The audience murmured nervously.

“But he’s put all his abilities to use for the welfare ot our community,” Andrew Gill said. “Remember that. Remember he’s our handy and he helps bring in Dangerfield when the signal’s weak, and he does tricks for us, and imitations when we can’t get Dangerfield at all—he does a whole lot of things, including saving our lives from another nuclear holocaust. So I say, God bless Hoppy and his abilities. I think we should thank God that we have a funny here like him.”

“Right,” Cas Stone said.

“I agree,” Stroud said, with caution. “But I think we ought to sort of put it to Hoppy that maybe from now on—“ He hesitated. “Our killings should be like with Austurias, done legally, by our Jury. I mean, Hoppy did right and he had to act quickly and all … but the Jury is the legal body that’s supposed to decide. And Earl, here should do the actual act. In the future, I mean. That doesn’t include Bluthgeld because having all That magic he was different.” You can’t kill a man with powers like that through the ordinary methods, he realized. Like Hoppy, for instance … suppose someone tried to kill him; it would be next to impossible.

He shivered.

“What’s the matter, Orion?” Cas Stone asked, acutely.

“Nothing,” Orion Stroud said. “Just thinking what we can do to reward Hoppy to show our appreciation; it’s a weighty problem because we owe him so much.”

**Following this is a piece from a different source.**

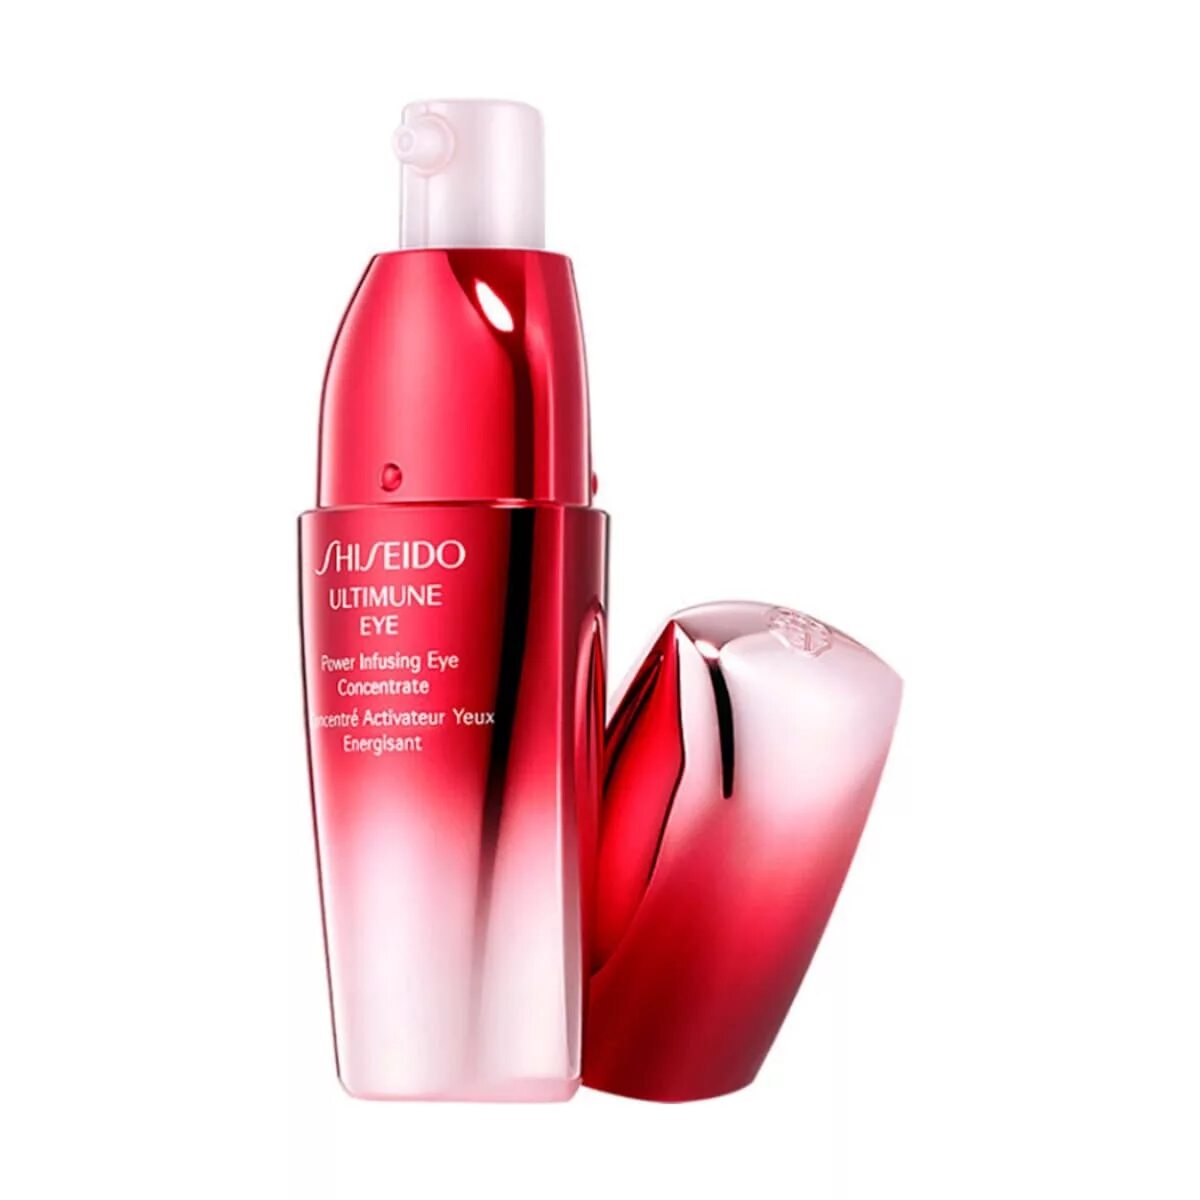 Shiseido concentrate. Ультимьюн шисейдо. Shiseido Ultimune Eye Power infusing. Shiseido Ultimune концентрат. Shiseido Ultimate.

The audience murmured, as the individual members discussed with one another how to reward Hoppy.

George Keller, noticing his wife’s pale, drawn features, said, “Are you okay?” He put his hand on her shoulder but she leaned away.

“Just tired,” she said. “I ran for a mile, I think, when those explosions began. Trying to reach Hoppy’s house.”

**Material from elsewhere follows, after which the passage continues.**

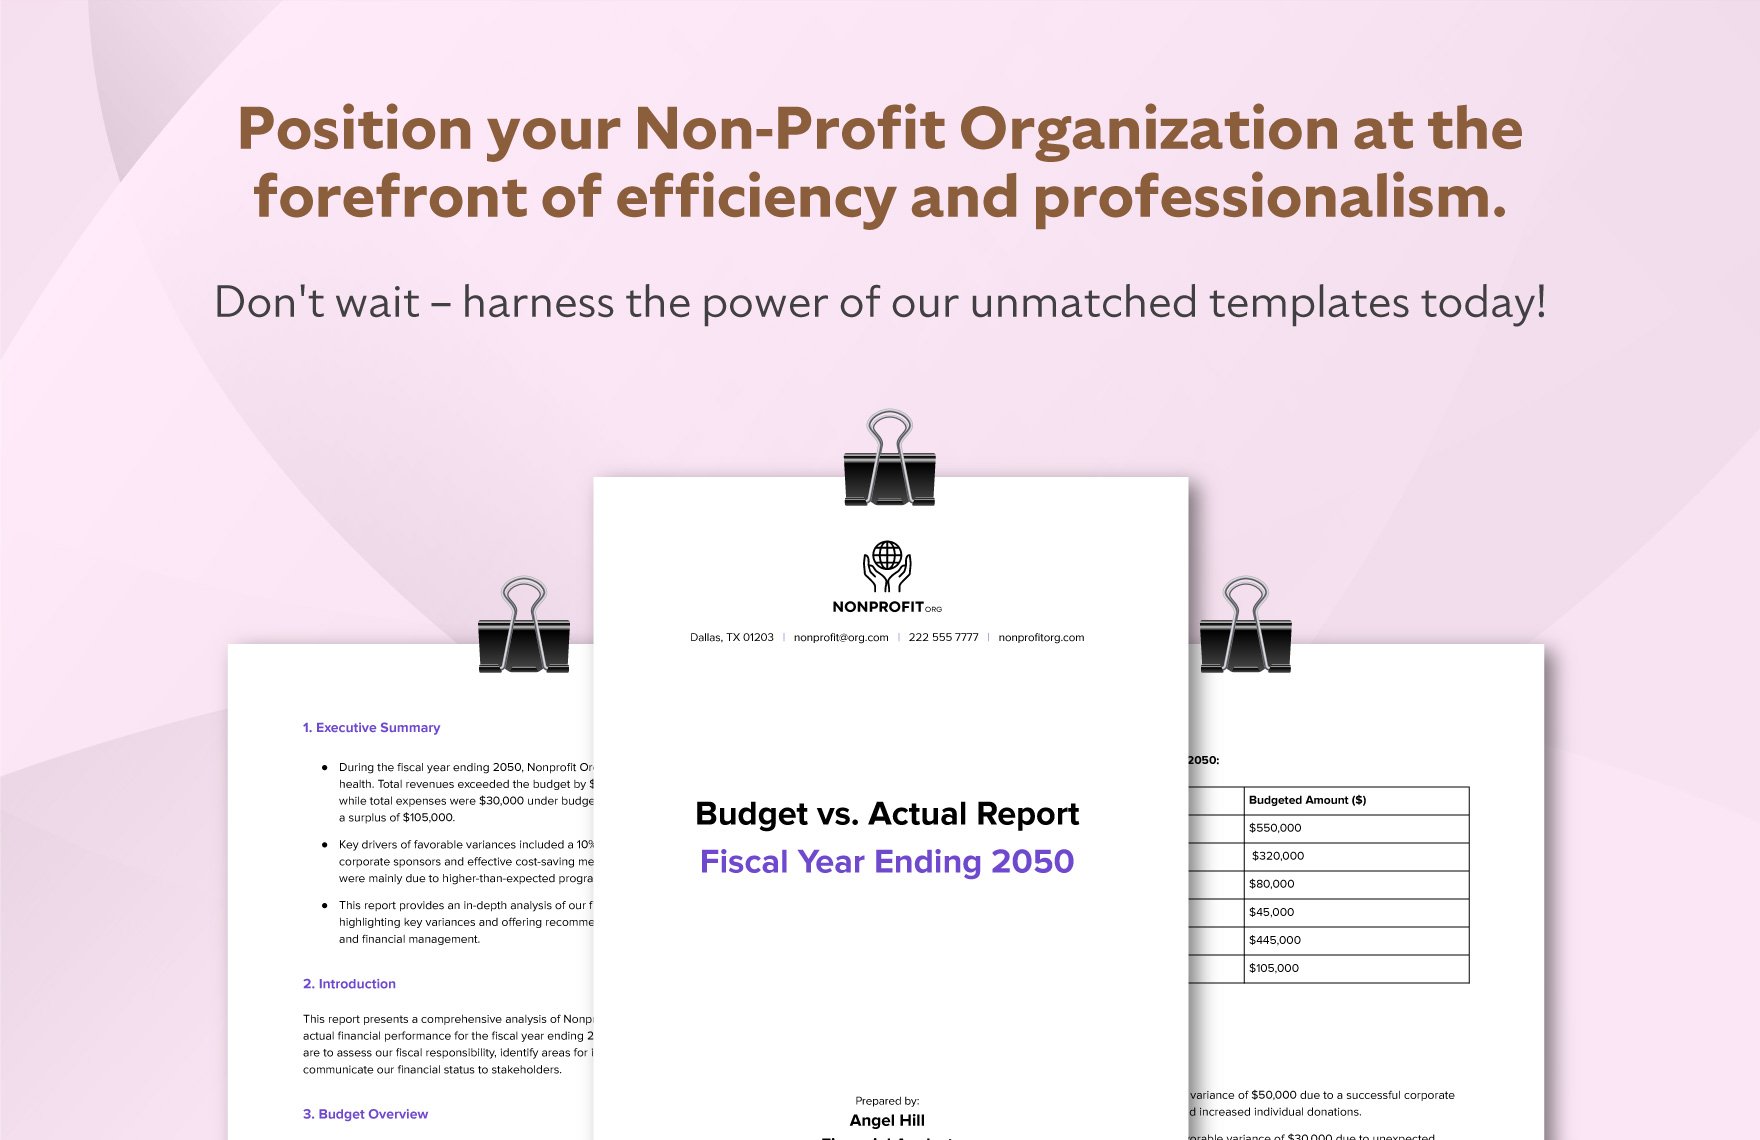 Nonprofit Organization Budget vs Actual Report Template

“How did you know Hoppy could do it?” he asked.

“Oh,” she said, “we all know that; we all surely know he’s the only one of us who has anything remotely resembling that kind of strength. It came into our—“ She corrected herself. “My mind right away, as soon as I saw the explosions.” She glanced at her husband.

“Who were you with?” he said.

“Barnes. We were hunting chanterelle mushrooms under the oaks along Bear Valley Ranch Road.”

George Keller said, “Personally I’m afraid of Hoppy. Look—he isn’t even here. He has a sort of contempt for us all. He’s always late getting to the Hall; do you know what I mean? Do you sense it? And it gets more true all the time, perhaps as he sharpens his abilities.”

“Perhaps,” Bonny murmured.

“What do you think will happen to us now?” George asked her. “Now that we’ve killed Bluthgeld? We’re better off, a lot safer. It’s a load off everybody’s mind. Someone should notify Dangerfield so he can broadcast it from the satellite.”

“Hoppy could do that,” Bonny said in a remote voice. “He can do anything. Almost anything.”

In the speaker’s chair, Orion Stroud rapped for order. “Who wants to be in the delegation that goes down to Hoppy’s house and confers the reward and notification of honor on him?” He looked all around the room. “Somebody start to volunteer.”

“I’ll go,” Andrew Gill spoke up.

“Me, too,” Fred Quinn said.

Bonny said, “I’ll go.”

To her, George said, “Do you feel well enough to?”

“Sure.” She nodded listlessly. “I’m fine, now. Except for the gash on my head.” Automatically she touched the bandage.

“How about you, Mrs. Tallman?” Stroud was saying.

“Yes, I’ll go,” Mrs. Tallman answered, but her voice trembled.

“Afraid?” Stroud asked.

“Yes,” she said.

“Why?”

Mrs. Tallman hesitated. “I—don’t know, Orion.”

“I’ll go, too,” Orion Stroud announced. “That’s five of us, three men and two women; that’s just about right. We’ll take the brandy and the cigaboos along and announce the rest—about the plaque, and him being President of the Council and clerk and all that.”

“Maybe,” Bonny said in a low voice, “we ought to send a delegation there that will stone him to death.”

George Keller sucked in his breath and said, “For God’s sake, Bonny.”

“I mean it,” she said.

“You’re behaving in an incredible way,” he said, furious and surprised; he did not understand her. “What’s the matter?”